## What is required
Look through the material below. Return exactly the lines from the one with "LaToya Ruby Frazier’s" through the one with "I don't want to be", both included.

## Extracted material
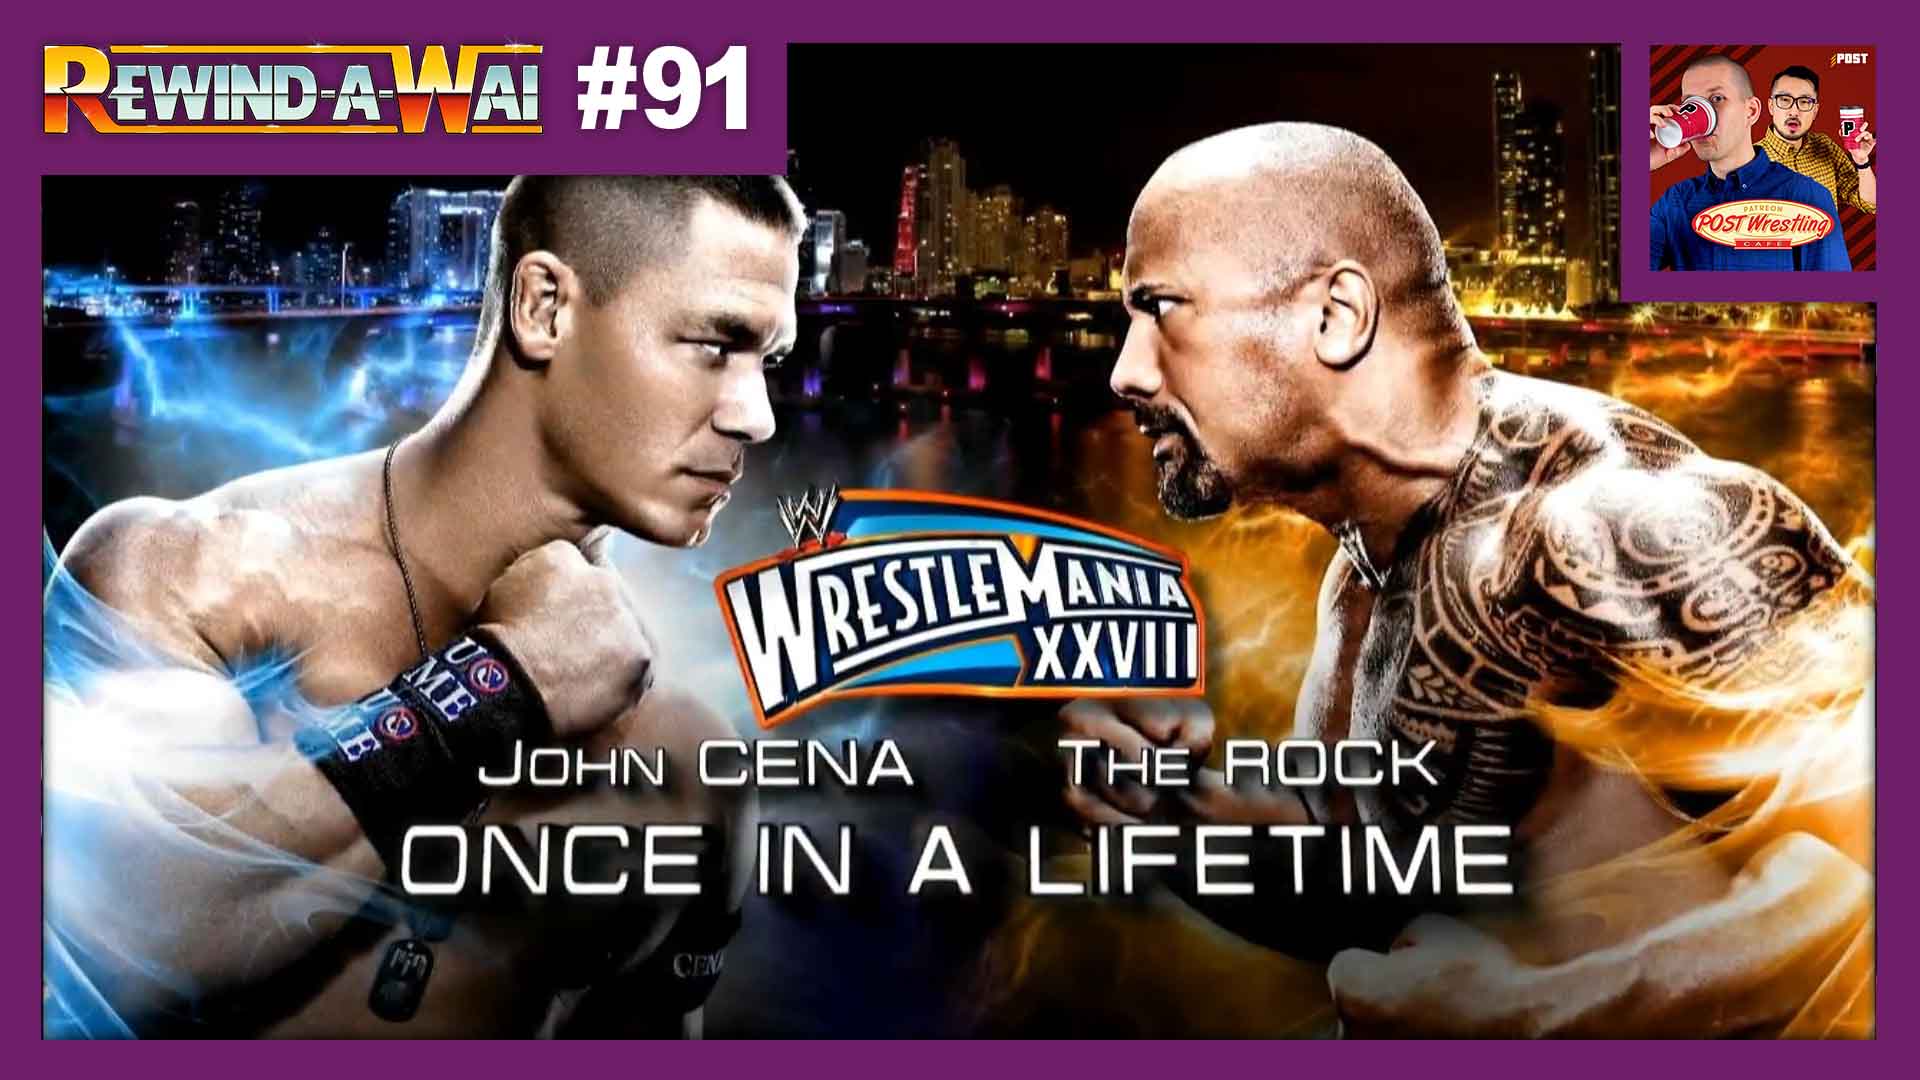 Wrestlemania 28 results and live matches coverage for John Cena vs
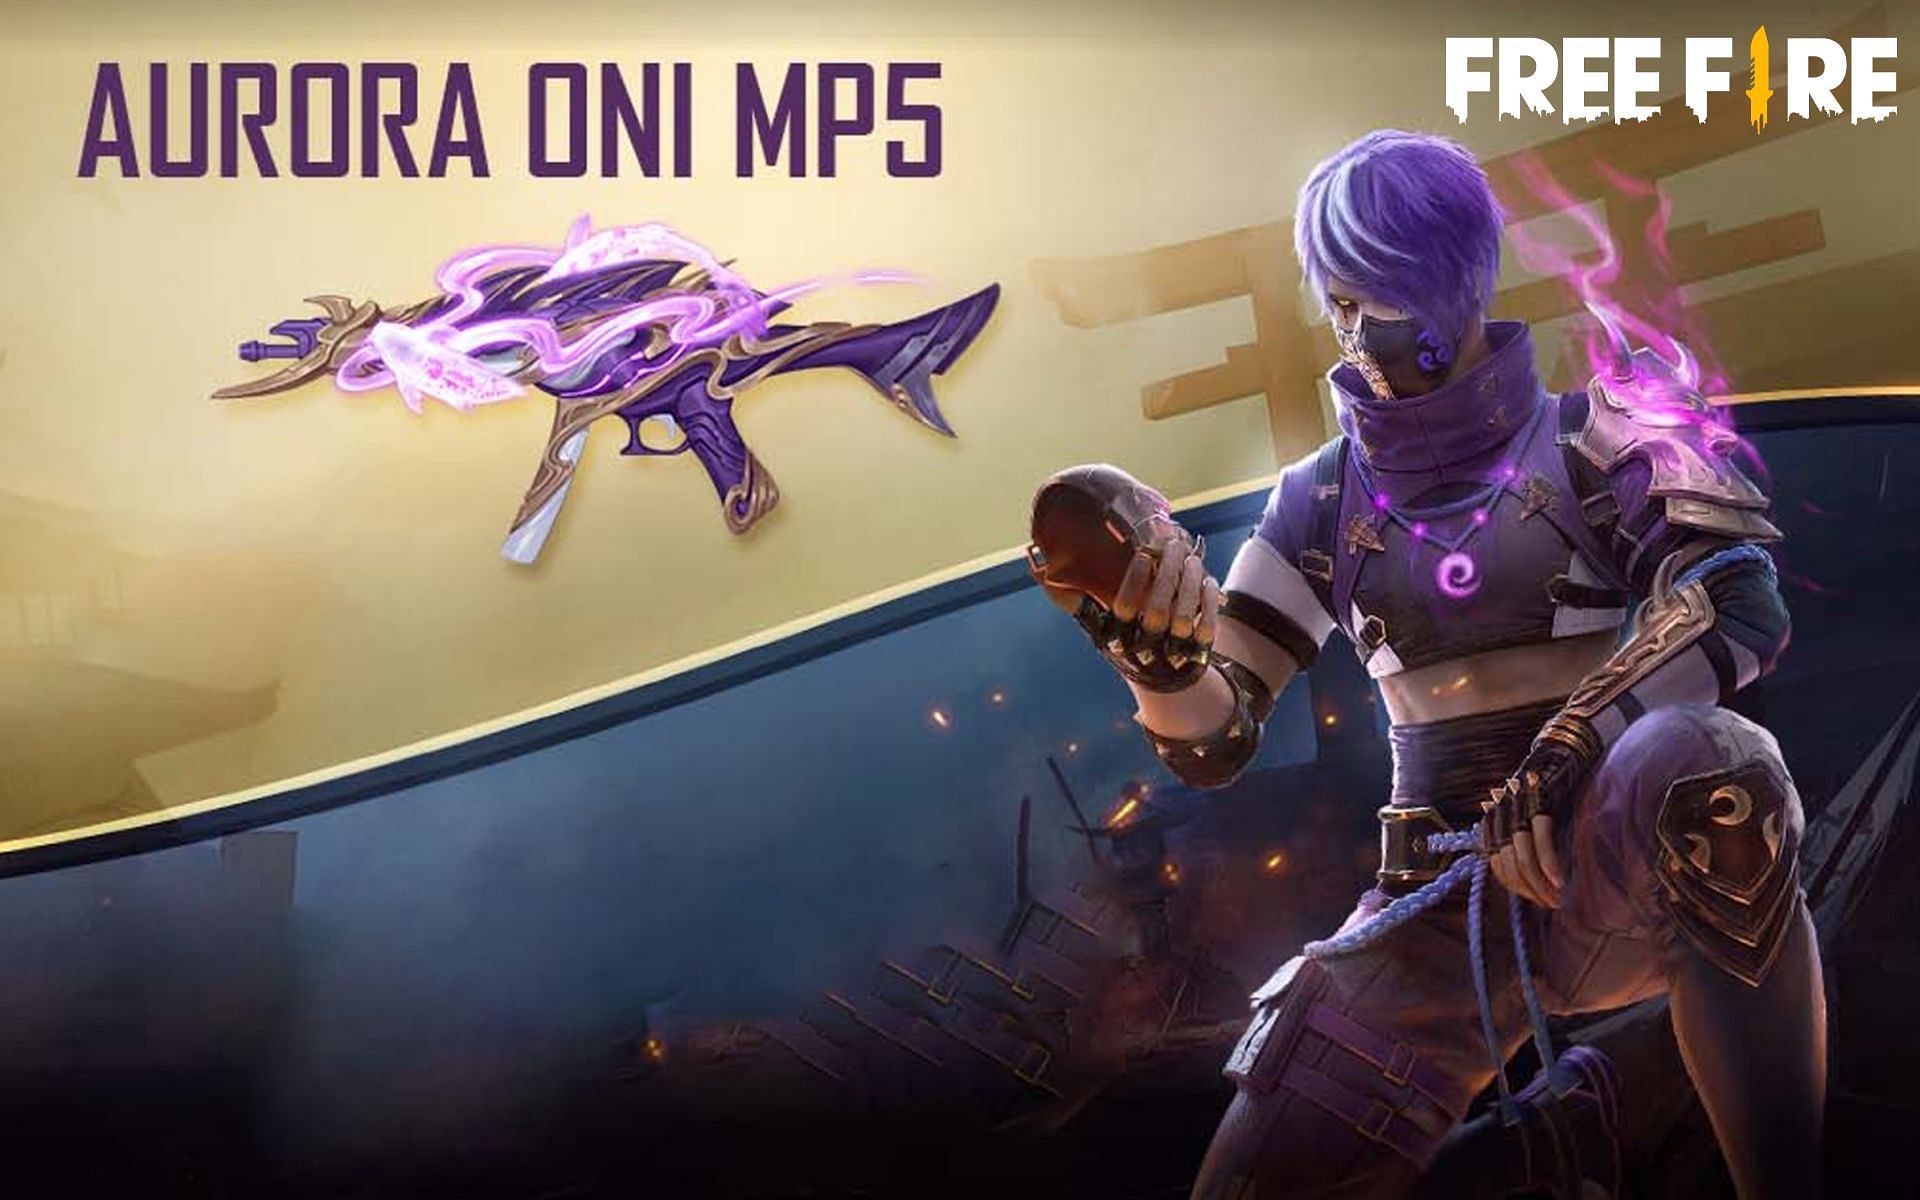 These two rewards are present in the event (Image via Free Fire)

---

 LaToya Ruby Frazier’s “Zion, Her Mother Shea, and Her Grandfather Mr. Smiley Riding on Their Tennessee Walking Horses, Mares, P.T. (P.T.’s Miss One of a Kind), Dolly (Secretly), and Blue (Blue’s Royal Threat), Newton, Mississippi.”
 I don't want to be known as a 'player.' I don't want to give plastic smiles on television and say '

## The answer
 LaToya Ruby Frazier’s “Zion, Her Mother Shea, and Her Grandfather Mr. Smiley Riding on Their Tennessee Walking Horses, Mares, P.T. (P.T.’s Miss One of a Kind), Dolly (Secretly), and Blue (Blue’s Royal Threat), Newton, Mississippi.”
 I don't want to be known as a 'player.' I don't want to give plastic smiles on television and say '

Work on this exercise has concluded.